Someone’s accepting it, Stan thought. You can bet they are. If there’s money in it.



If only the two of them could find some place where the prospects are better. There’s said to be a boom in Oregon – fuelled by a rare earth discovery, China’s buying a lot of that – but how can they get out there? They’d no longer have Charmaine’s trickle of money coming in, they’d run out of gas. They could ditch the car, try hitching, but Charmaine is terrified by the thought. Their car is the only barrier between them and gang rape, and not just for her, she says, considering what’s out there roaming around in the night with no pants on. She has a point.

What should he do to pull them out of this ditch? Whatever he has to. There used to be a lot of jobs licking ass in the corporate world, but those asses are now out of reach. Banking’s left the region, manufacturing too; the digital genius outfits have migrated to fatter pastures in other, more prosperous locations and nations. Service industries used to be held out as a promise of salvation, but those jobs too are scarce, at least around here. One of Stan’s uncles, dead now, had been a chef, back when cheffing was a good gig because the top slice was still living onshore, and high-end restaurants were glamorous. But not today, when those kinds of customers are floating around on tax-free sea platforms just outside the offshore limit. People that rich take their own chefs with them.

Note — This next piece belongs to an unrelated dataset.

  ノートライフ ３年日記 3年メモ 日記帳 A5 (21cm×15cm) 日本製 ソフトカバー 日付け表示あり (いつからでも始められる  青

Another midnight, another parking lot. It’s the third one tonight; they’ve had to flee the previous two. Now they’re so on edge they can’t get back to sleep.

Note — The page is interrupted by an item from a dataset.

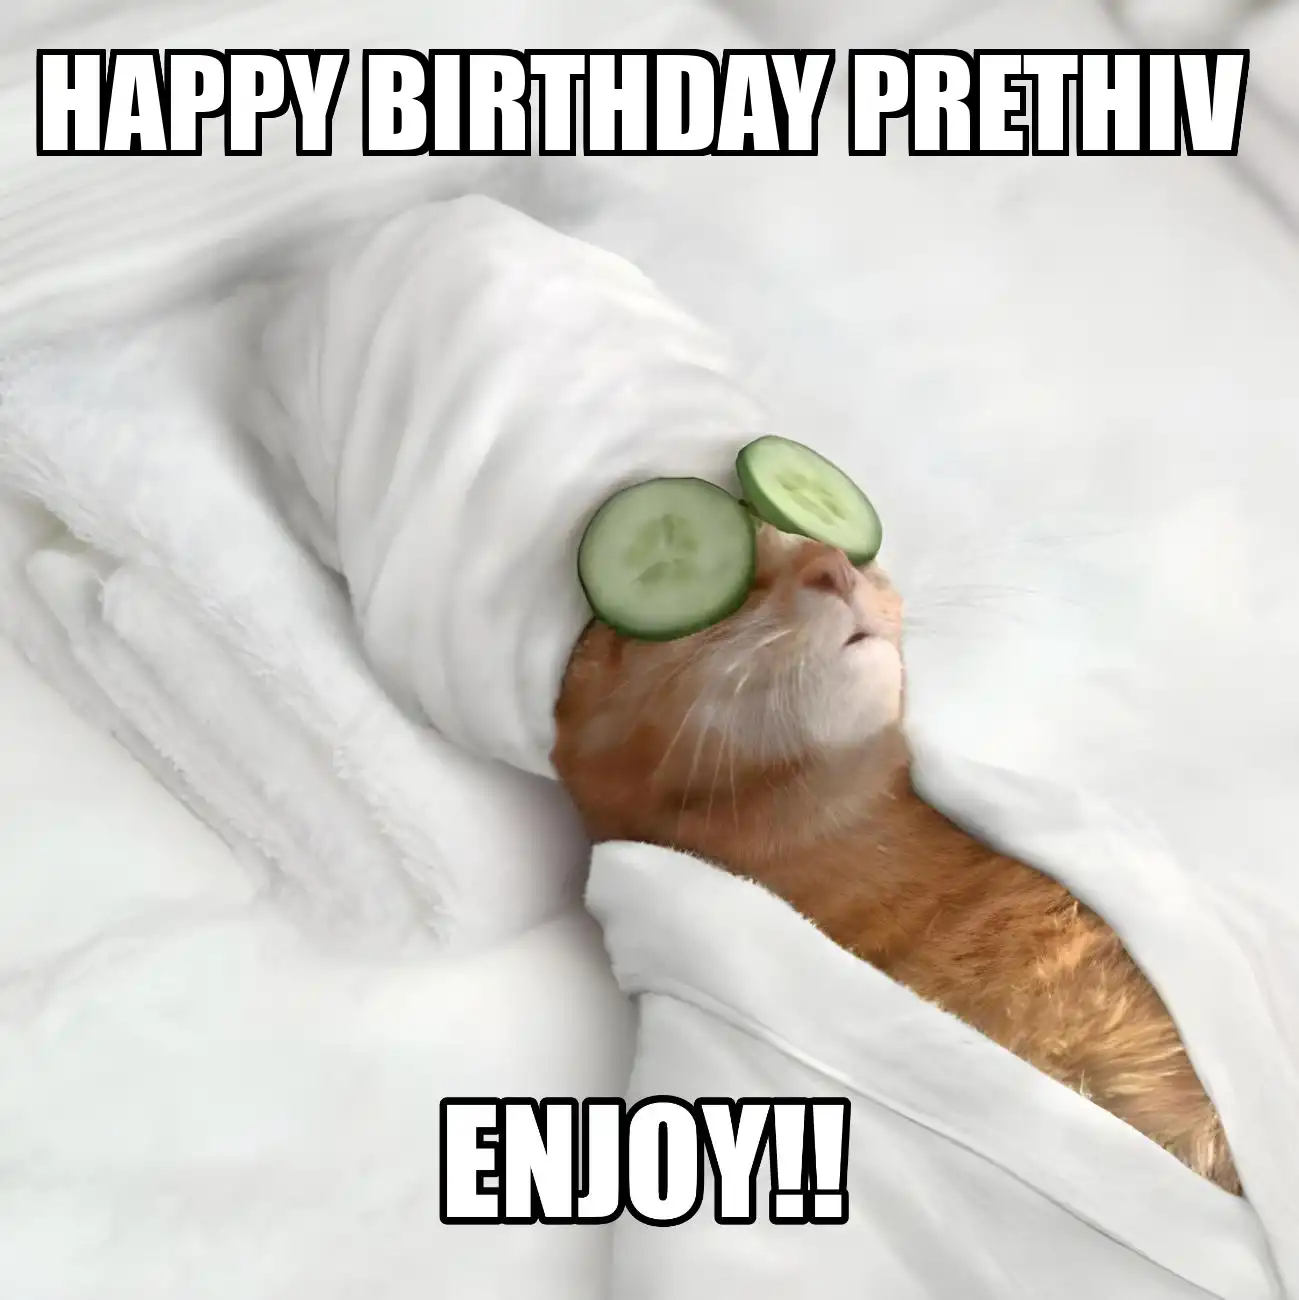 Happy Birthday Prethiv Enjoy Cat Meme

“Maybe we should try the slots,” says Charmaine. They’d done that once, and come out ten dollars to the good. It wasn’t much, but at least they hadn’t lost it all.

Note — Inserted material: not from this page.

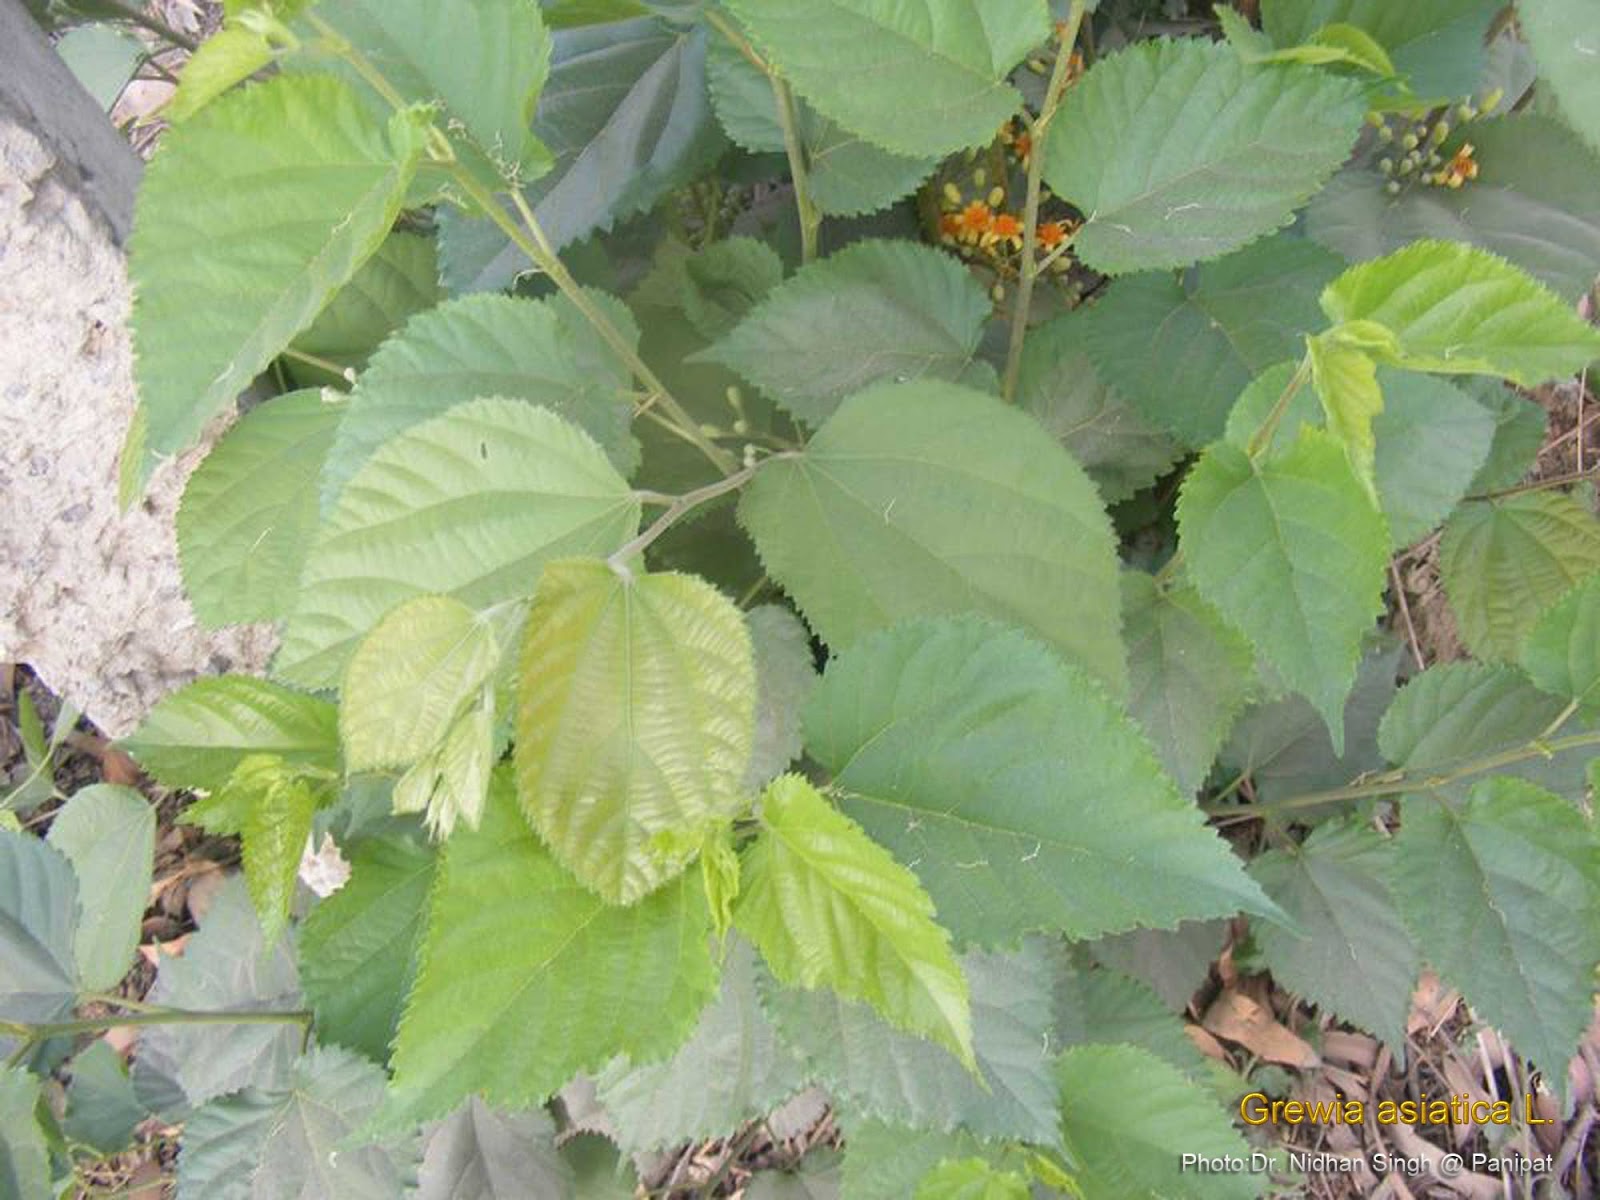 Medicinal Plants Grewia asiatica, Phalsa, palicamaram

“No way,” says Stan. “We can’t afford the risk, we need the money for gas.”

“Have some gum, honey,” says Charmaine. “Relax a little. Go to sleep. Your brain’s too active.”

“What fucking brain?” says Stan. There’s a hurt silence: he shouldn’t take it out on her. Dickhead, he tells himself. None of this is her fault.

Tomorrow he’ll eat his pride. He’ll hunt down Conor, help him out with whatever scam he’s engaged in, join the criminal underclass. He has an idea about where to start looking. Or maybe he’ll just hit Con up for a loan, supposing Con is flush. That shoe used to be on the other foot – it was Conor who’d done the hitting up when they were younger, and before Conor had figured out how to game the system – but he’ll need to avoid reminding Conor of their former positions now.

Or maybe he should remind him. Con owes him. He could say Payback time or something. Not that he’s got any leverage. But still, Con’s his brother. And he is Con’s brother. Which must be worth something.

II   |   Pitch Brew

It wasn’t a good night. Charmaine did try for a comforting note: “Let’s concentrate on the things we have,” she’d said into the moist, stinky darkness of the car. “We have each other.” She’d started to reach her arm from the back seat into the front, in order to touch Stan, to reassure him, but then she thought better of it. Stan might take it the wrong way, he’d want to get into the back seat with her, he’d want them to make love, and that could be so uncomfortable with the two of them squashed in together because her head would get jammed up against the car door and she’d start to slide sideways off the seat, with Stan working away at her as if she was a job he had to get done really fast, and her head going bump bump bump. It was not inspirational.

Also she can never concentrate, because what if someone snuck up on them from the outside? Stan would be caught bare-assed, scrambling over into the front seat and trying to start the car while a gang of thugs bashed at the windows, trying to get at her. Though not her, first and foremost. What they’d want would be the truly valuable thing, which was the car. She’d be an afterthought, once they’d done away with Stan.